Monday, May 11, 2015
Like many parents the mother snake got frustrated with nagging her snakelings to clean up after themselves. As she started picking up the shed skins she became aware that the teenage boy snakes had been using them for masturbation. This is made all the more disgusting when you consider that the mother snake doesn't have hands to pick things up with.
Friday, May 8, 2015
Thursday, May 7, 2015
Jerry the Turtle was getting ready for his date with Susan the Garter Snake. Things had progressed in their relationship and tonight was the night he planned to ask her hand in marriage. He really should have called in his best friend, Sammy the Gay Salamander for advice on what to wear, because at every anniversary celebration pictures of that night would be displayed and people would snicker at his choice of the racing stripes shell.
Wednesday, May 6, 2015
After studying fencing at Heidelberg University in Germany for many years, Udon was confident that he could take on any contender. Sadly he underestimated the chop stick skills of Hank, the privileged white man who pretended to be worldly because he could use chopsticks.
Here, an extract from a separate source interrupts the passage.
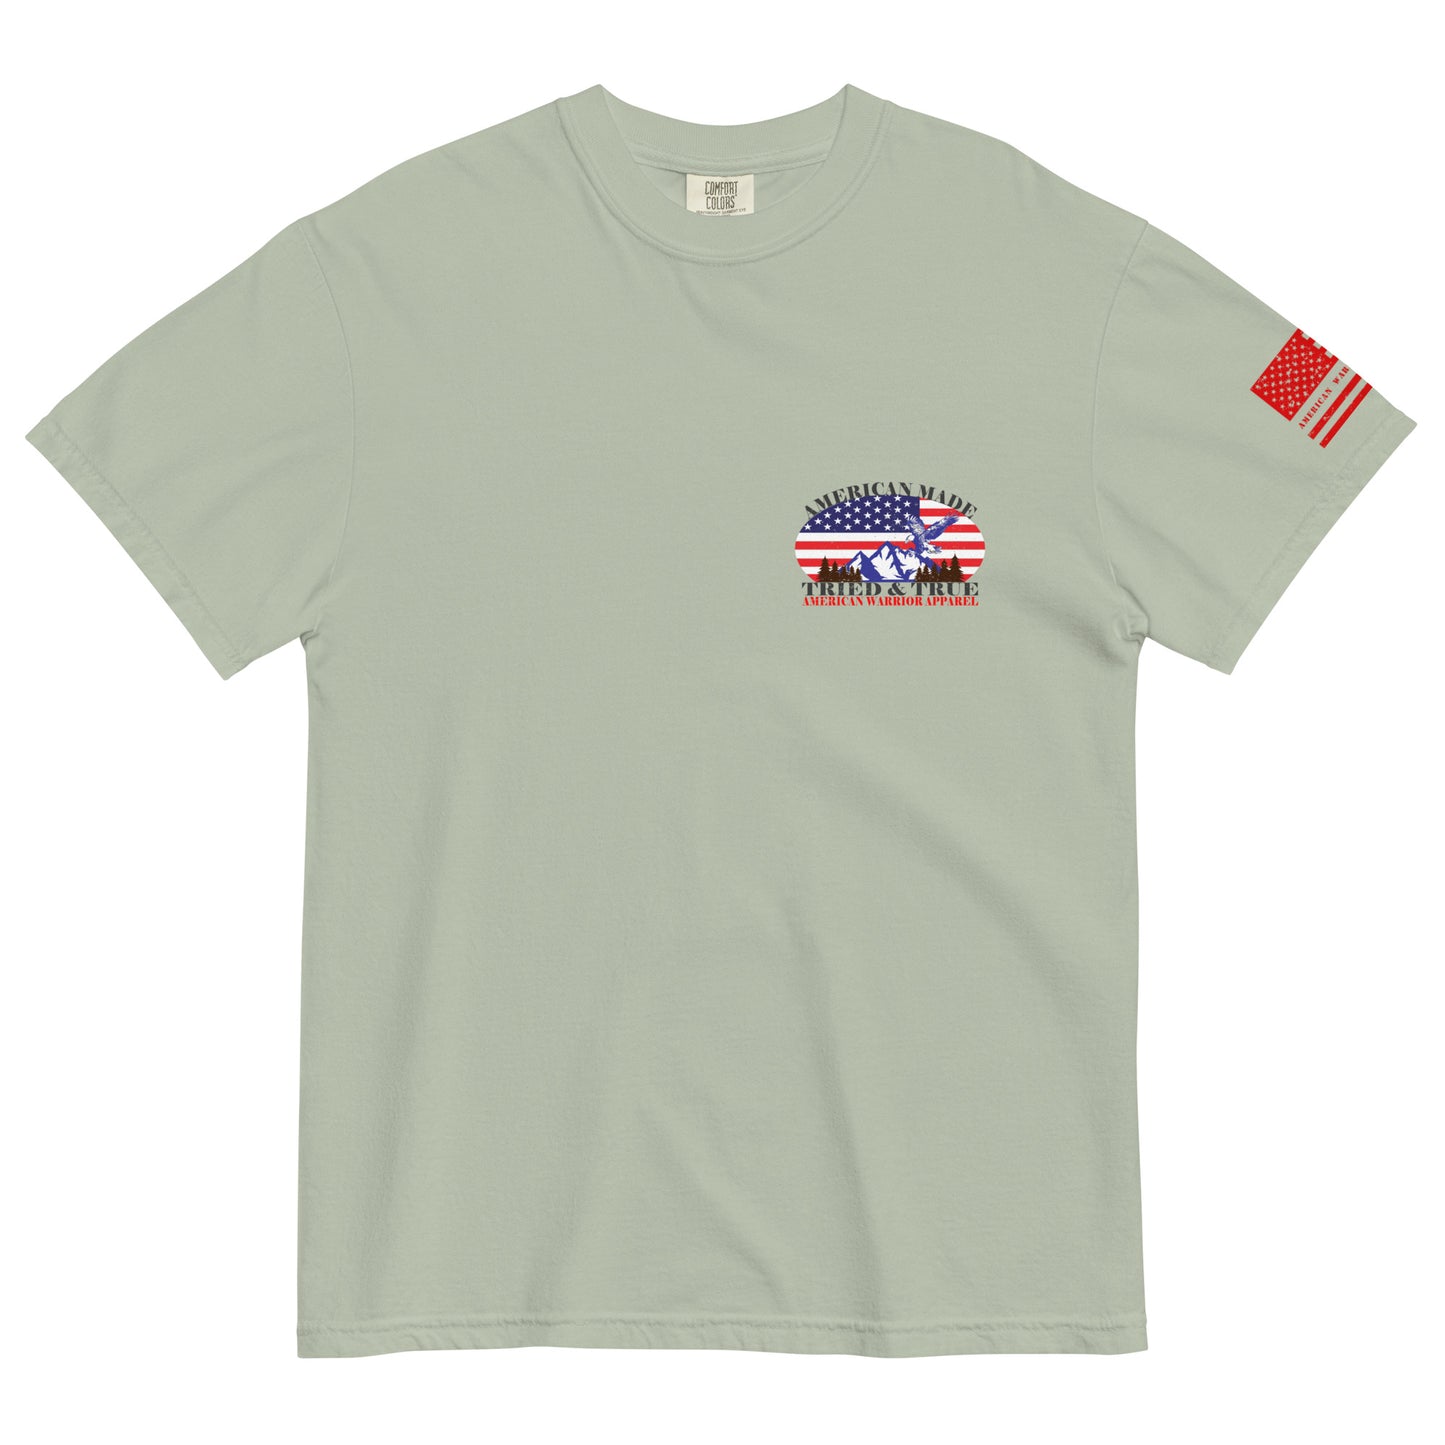 American Made tried & True heavyweight t-shirt

Posthumously, Udon got his revenge when Hank swallowed his sabre and required a tracheostomy performed utilizing his own chopstick.
Monday, May 4, 2015
After overthrowing the government of Pillow Land, the children named themselves leaders and enslaved it's citizens as forts and hats. The Pillow Land people, had always been pacifists and staged sit-ins and peaceful protests. Each time there was a complaint, the tyrannical new leaders would react in the exact same way, by flipping them over to their cool sides and sending them on their way.
It wasn't long until Pillow Land people resorted to self-immolation. Those stuffed with polyester created a dreadful smell.